Copying exactly, give the lines in the material below from the one with "Stairwork orange by Carsten Heyer" to the one with "Buy Yves Saint", ends included, and nothing besides.

** Opening Data to process block **

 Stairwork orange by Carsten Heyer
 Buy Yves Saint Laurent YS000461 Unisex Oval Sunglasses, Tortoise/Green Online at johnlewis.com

** Closing Data to process block **
** Opening Data to process block **

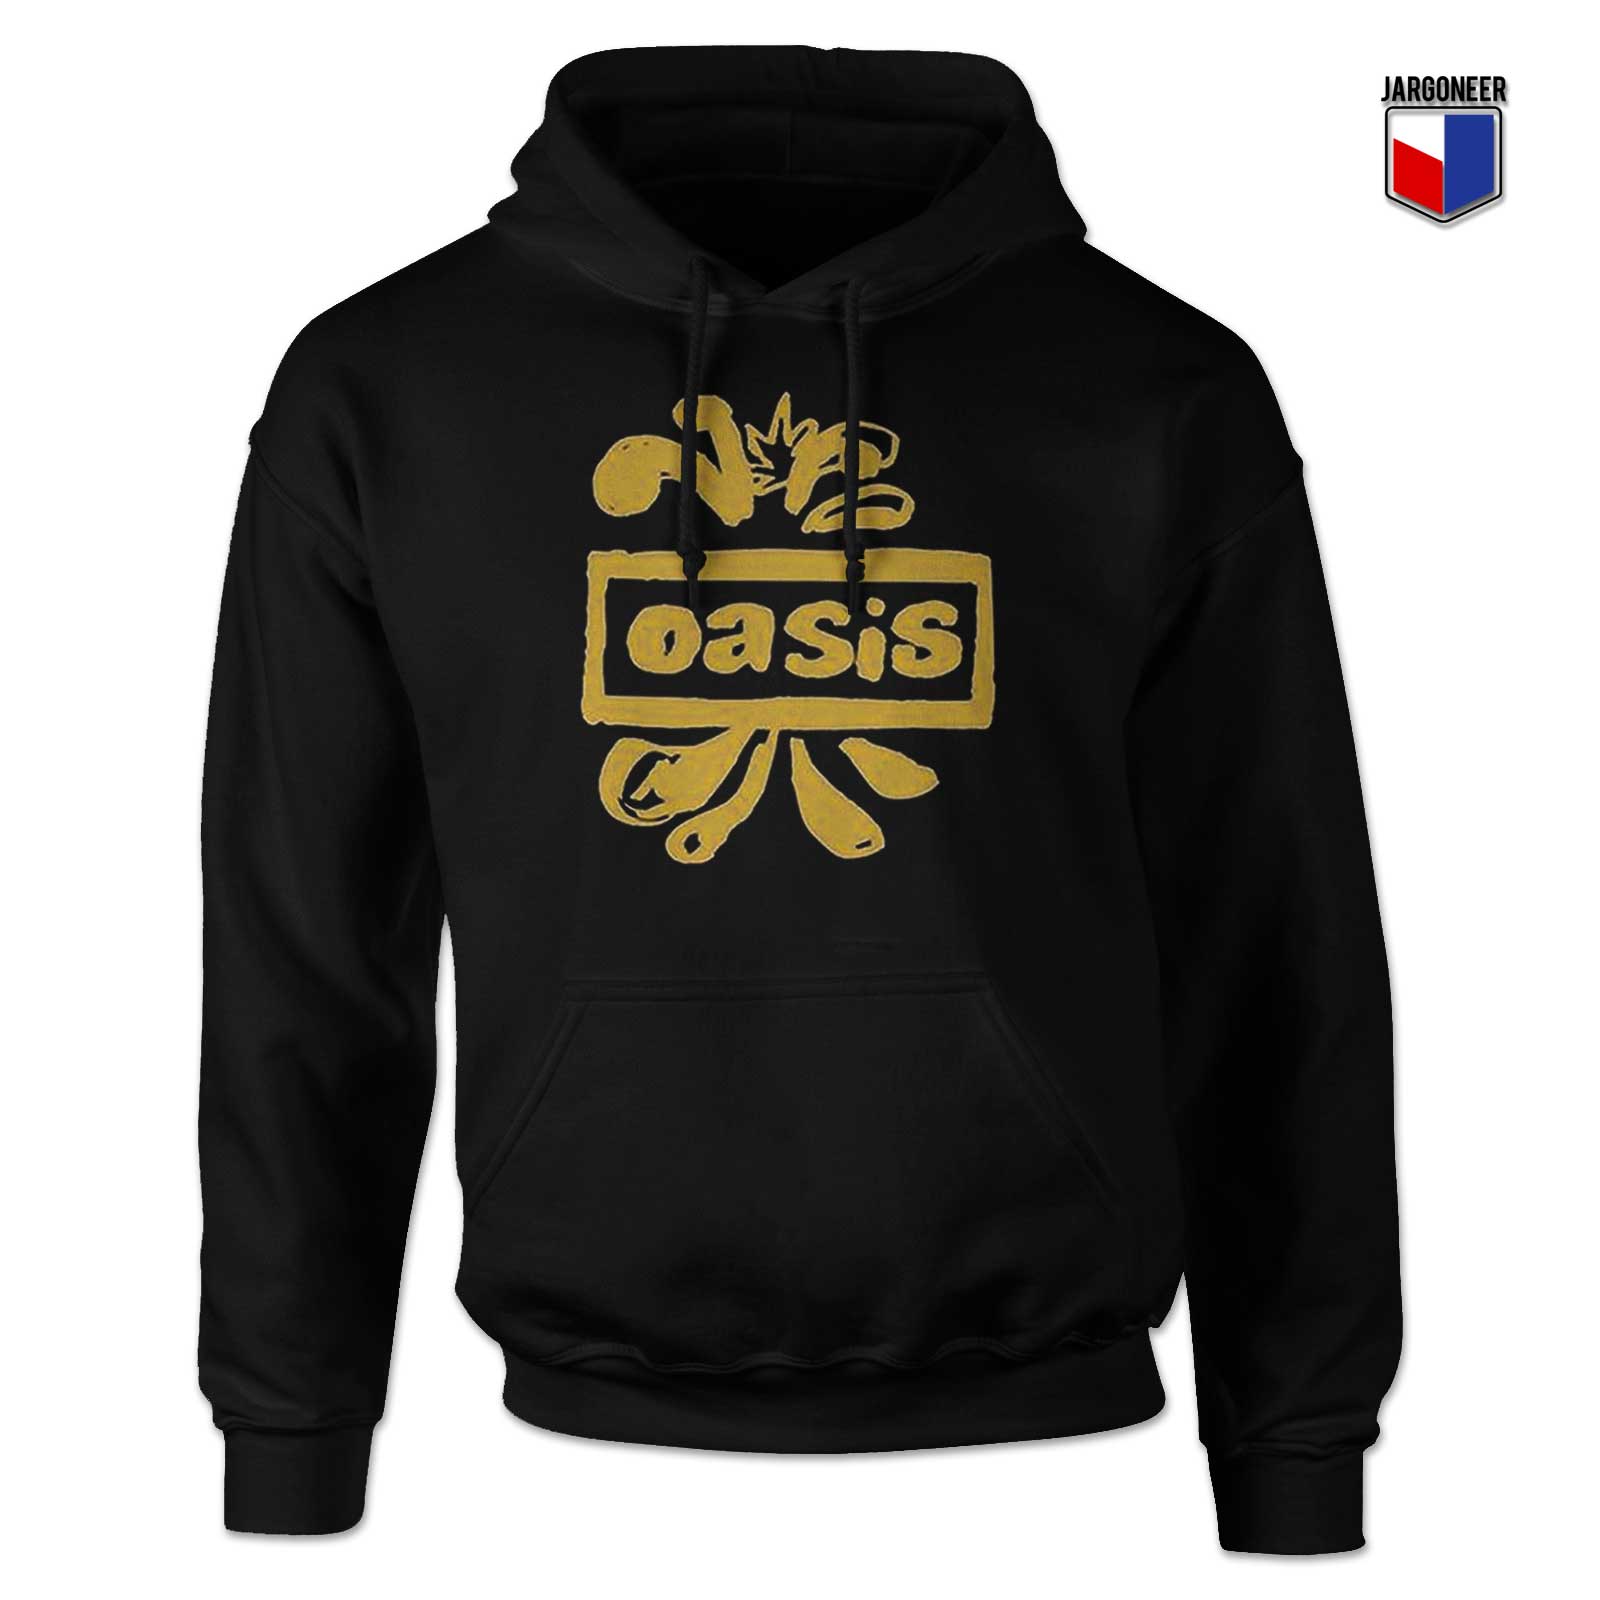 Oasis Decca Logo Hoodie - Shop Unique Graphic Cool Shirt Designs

** Closing Data to process block **

■ Written solution
 Stairwork orange by Carsten Heyer
 Buy Yves Saint Laurent YS000461 Unisex Oval Sunglasses, Tortoise/Green Online at johnlewis.com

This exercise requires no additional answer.